If it sounds Italian, it probably describes what’s inside the cup: milk, foam, or coffee itself.
Coffee Terms Worth Knowing
You’ll hear these words floating around cafés. Once you understand them, ordering (and tasting) gets a lot more interesting.
- Crema – That thin golden layer on top of espresso; proof it’s been brewed fresh and under the right pressure.
- Shot – A single measure of espresso, about an ounce. A double shot is standard in most cafés, twice the coffee, twice the depth.
- Extraction – The moment water pulls flavour from coffee grounds. Too quick and it’s sour, too long and it’s bitter.
- Microfoam – Finely textured milk that gives a flat white its velvet finish.
- Body – The weight of the coffee as you taste it, light, medium, or heavy.
- Pull – Old barista slang for making an espresso, back when levers were actually pulled.
- Steam Wand – The metal arm on an espresso machine that heats and textures milk.
Step 7 – How to Order Coffee with Confidence
Ordering coffee shouldn’t feel like an exam. The truth is, even regulars trip over the names sometimes.
Once you know the order of things, size, flavour, milk, and extras, you can walk up to any counter and sound like you belong there.
The Coffee Ordering Formula
Here’s the rhythm most cafés and baristas use:
1. Size – Start with how much you want: small, medium, large.
2. Flavour – Add any syrups or extra notes: vanilla, caramel, hazelnut, seasonal spice.
3. Drink type – Latte, cappuccino, flat white, Americano, mocha, or anything else on the board.
4. Milk – Pick your style: whole, skimmed, oat, almond, soy.
5. Extras – Optional tweaks: extra hot, extra shot, decaf, no foam, whipped cream.
That’s it. Five small choices, one happy cup.
Example Coffee Orders
Simple, natural, and polite always works. Try something like:
- “I’d like a medium caramel latte with oat milk.”

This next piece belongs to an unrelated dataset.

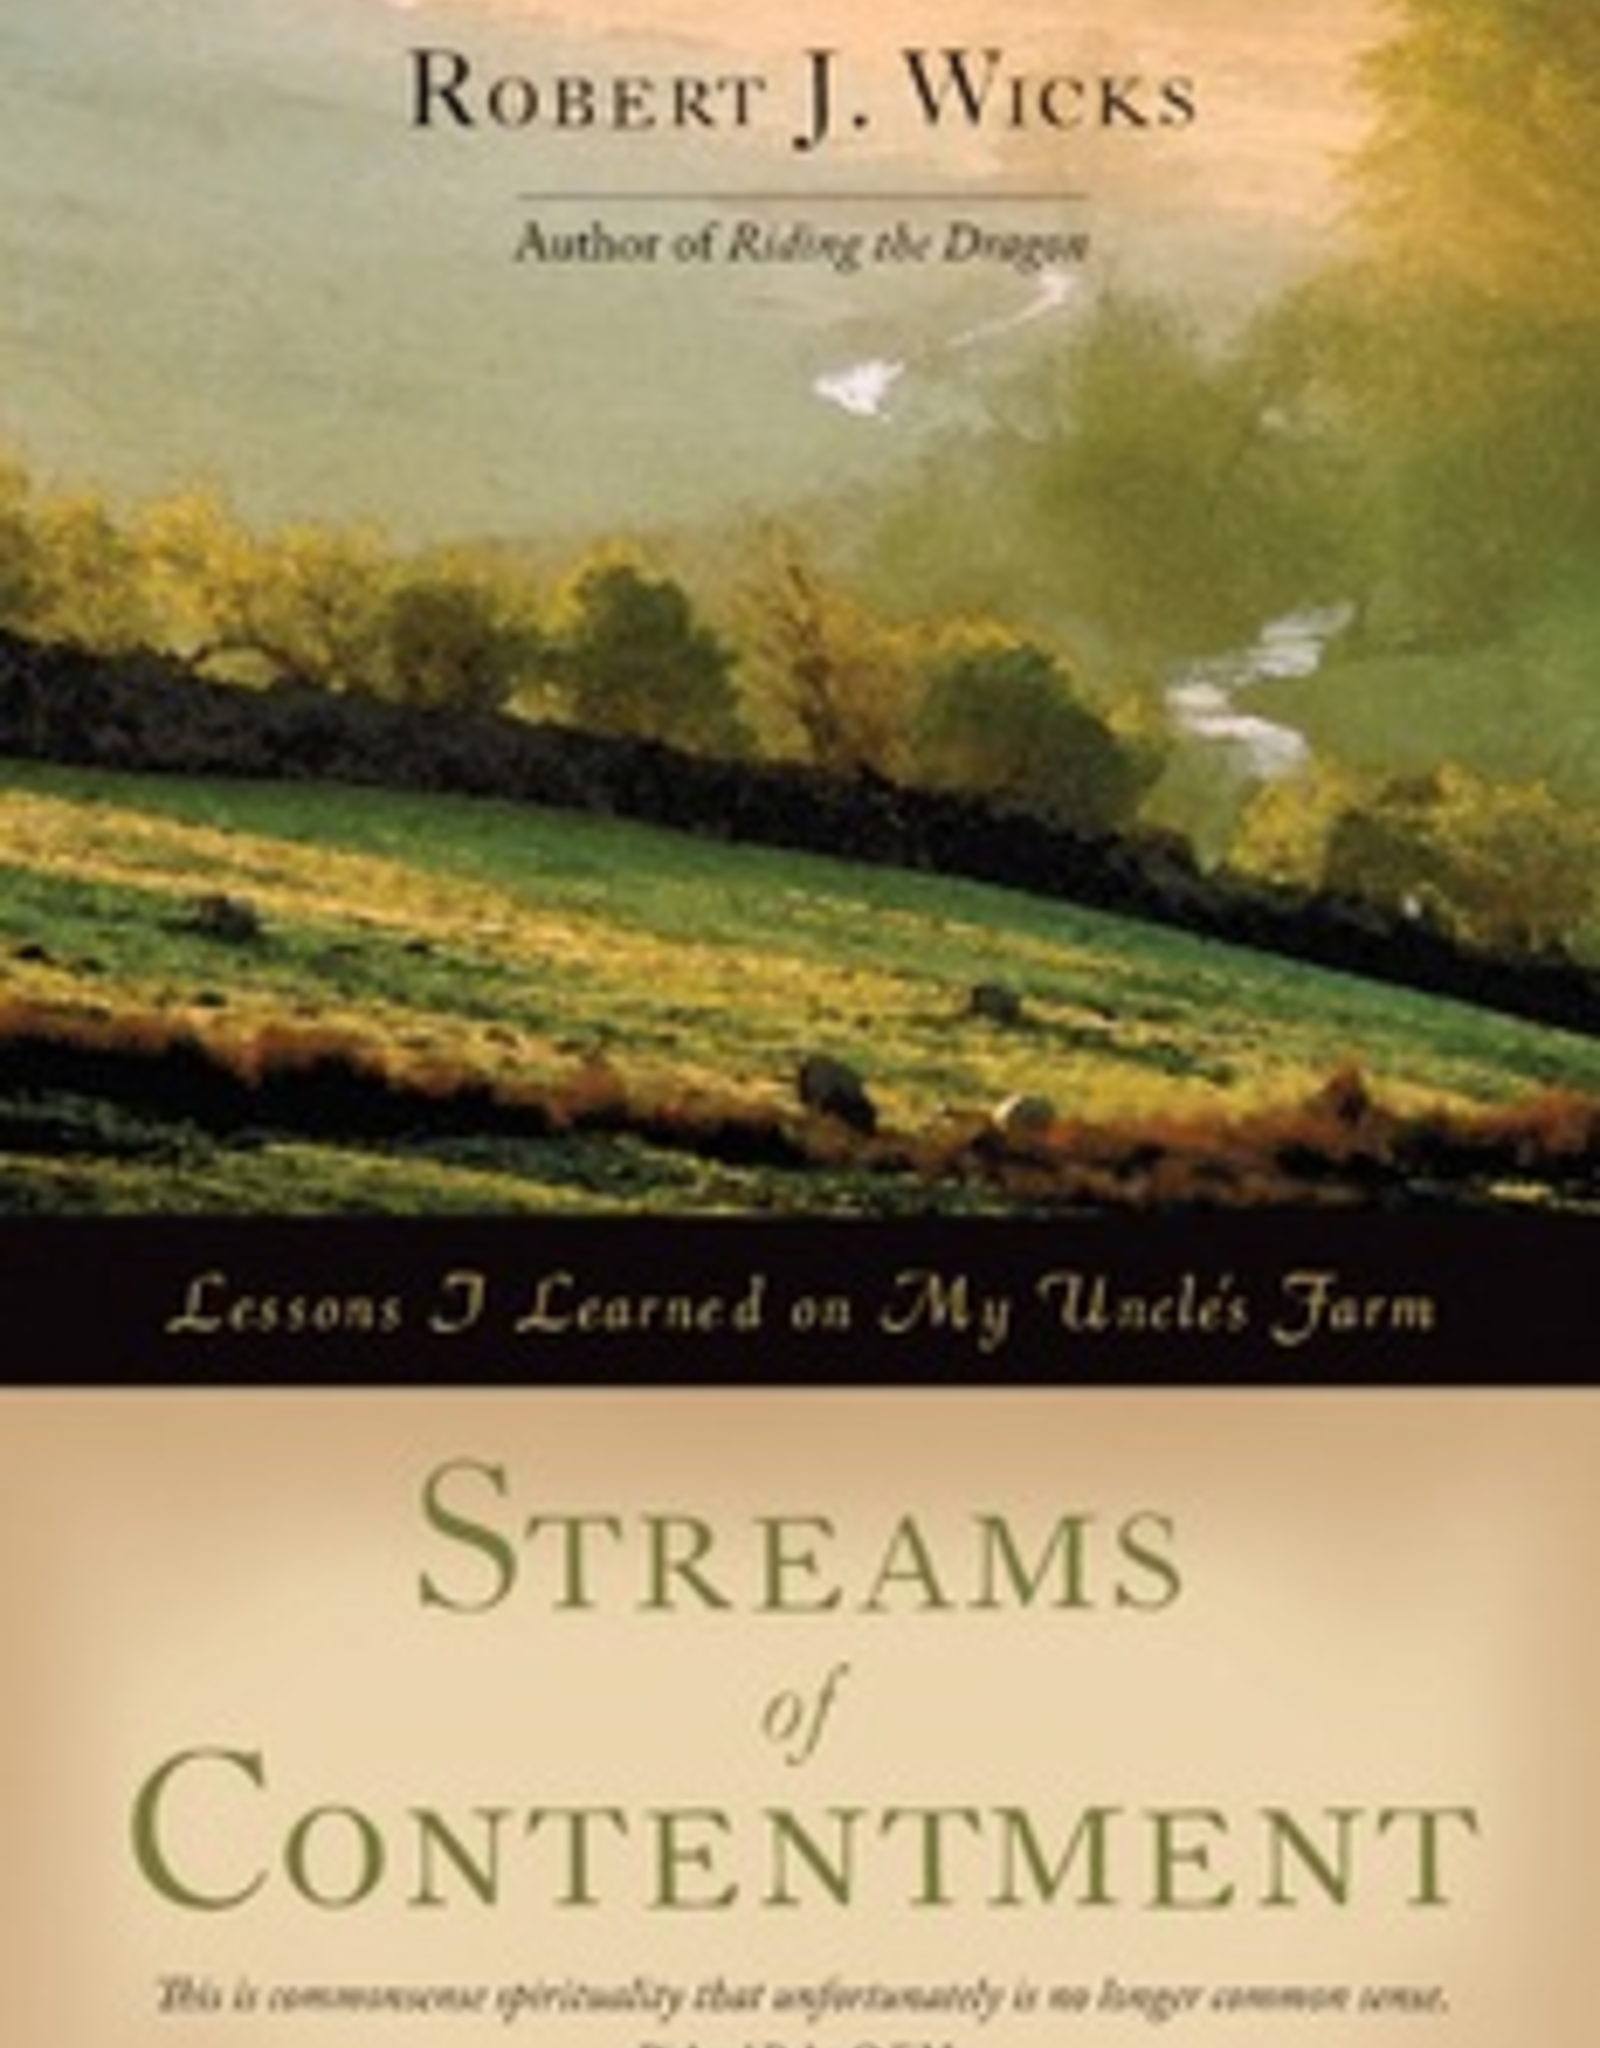 Ave Maria Press Streams of Contentment, by Robert J. Wicks (paperback)

- “A small cappuccino, extra foam please.”
- “One iced mocha, no whipped cream.”
- “Can I get a flat white with an extra shot?”

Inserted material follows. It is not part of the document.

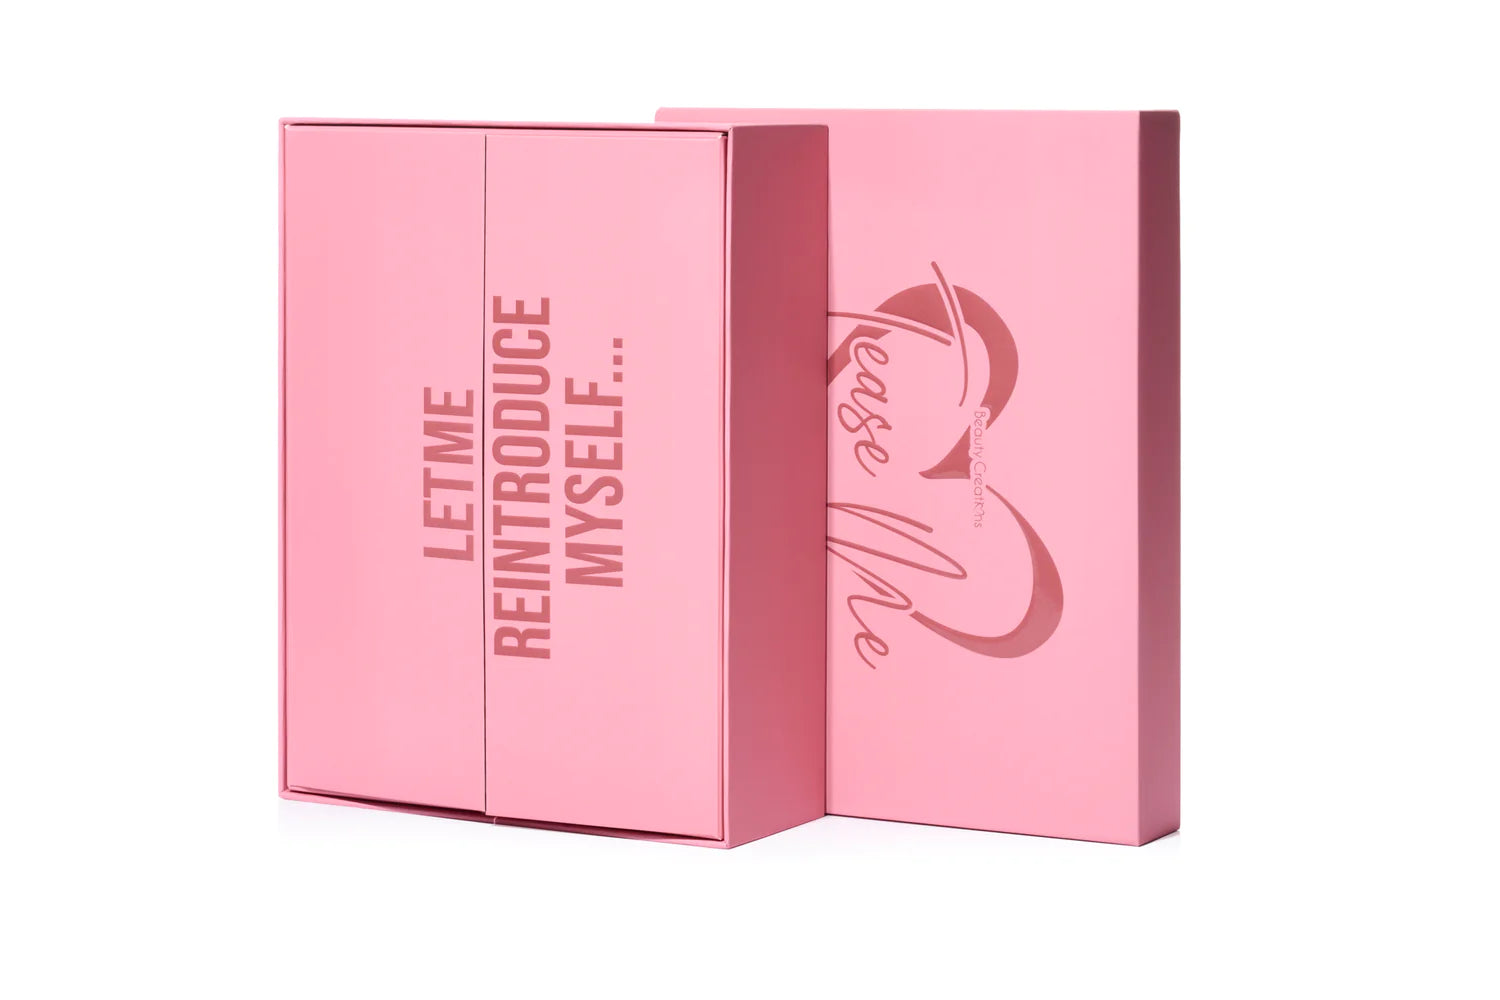 Beauty Creations - Tease Me Collection PR Box

Every café has its quirks, but this pattern works almost everywhere, from your local indie spot to the airport kiosk.
Extra Coffee Ordering Tips
- Don’t overthink it. Most baristas will happily help if you pause or forget something.

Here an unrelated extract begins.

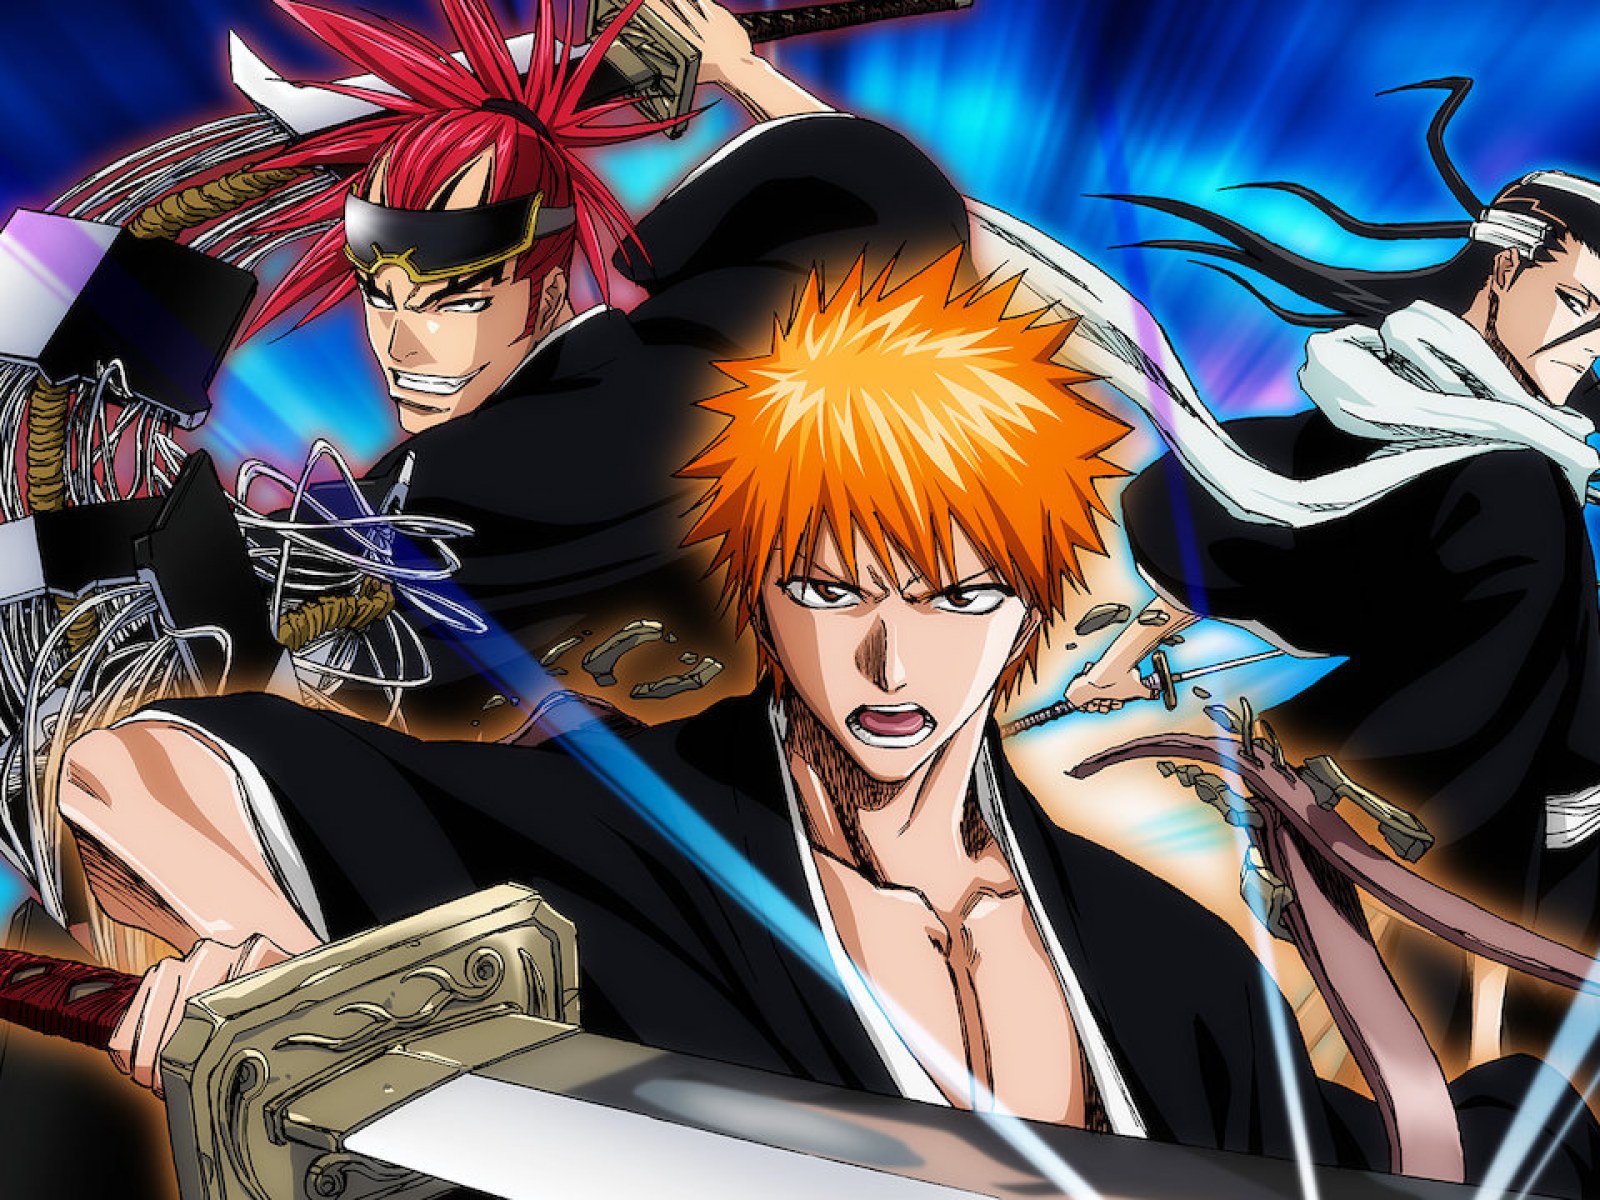 Bleach' Creator Tite Kubo Teases New Manga Arc in 20th Anniversary Special

- Ask for recommendations. If you say, “I like something smooth but not too sweet,” they’ll know exactly where to point you.
- Be honest about strength. There’s no prize for pretending you like bitter coffee.
- Stay curious. Try one new thing now and again. It’s how you find your new favourite!
Step 8 – FAQs from Coffee Beginners
Everyone starts somewhere. These are the questions we sometimes get at the EDGE Café counter.
What are the most popular coffees?
Lattes and cappuccinos are the everyday favourites because they’re smooth, balanced, and easy to customise. Flat whites are close behind, especially in the UK, while cold brew coffee has become the go-to summer pick.
Which coffee do you recommend for beginners?
Start with something soft and milky. A latte or flat white lets you taste the espresso without too much bitterness. If you’ve got a sweet tooth, a mocha or iced coffee is a good way in.
Is espresso the strongest coffee?
Yes and no. Espresso tastes stronger because it’s concentrated, but cup for cup, it doesn’t always have more caffeine than filter or cold-brew coffee. It’s about intensity, not just caffeine!
How do I start making good coffee at home?
Start simple. Buy freshly roasted coffee beans and pick one method, like French press, AeroPress, or pour-over, to learn properly. Ideally, use filtered water, measure your coffee and grind your beans fresh.
If using a grinder seems too complicated or buying one is too big an investment in the early days, we can grind your coffee to order. Just let us know how you want it.
The Daily Grind (Made Better)
You’ve learnt the names, the flavours, and the small details that turn coffee from a quick fix into something worth savouring.
You can read a café menu now without second-guessing yourself and maybe even try a chat with your barista about beans or brewing!
Coffee doesn’t have to be complicated. It’s just fresh grounds, hot water and a little curiosity.
Once you understand the basics, every cup becomes a chance to notice something new, whether that’s a texture, an aroma or a new appreciation for this wonderful beverage.
Now go on, put the kettle on. You’ve earned it.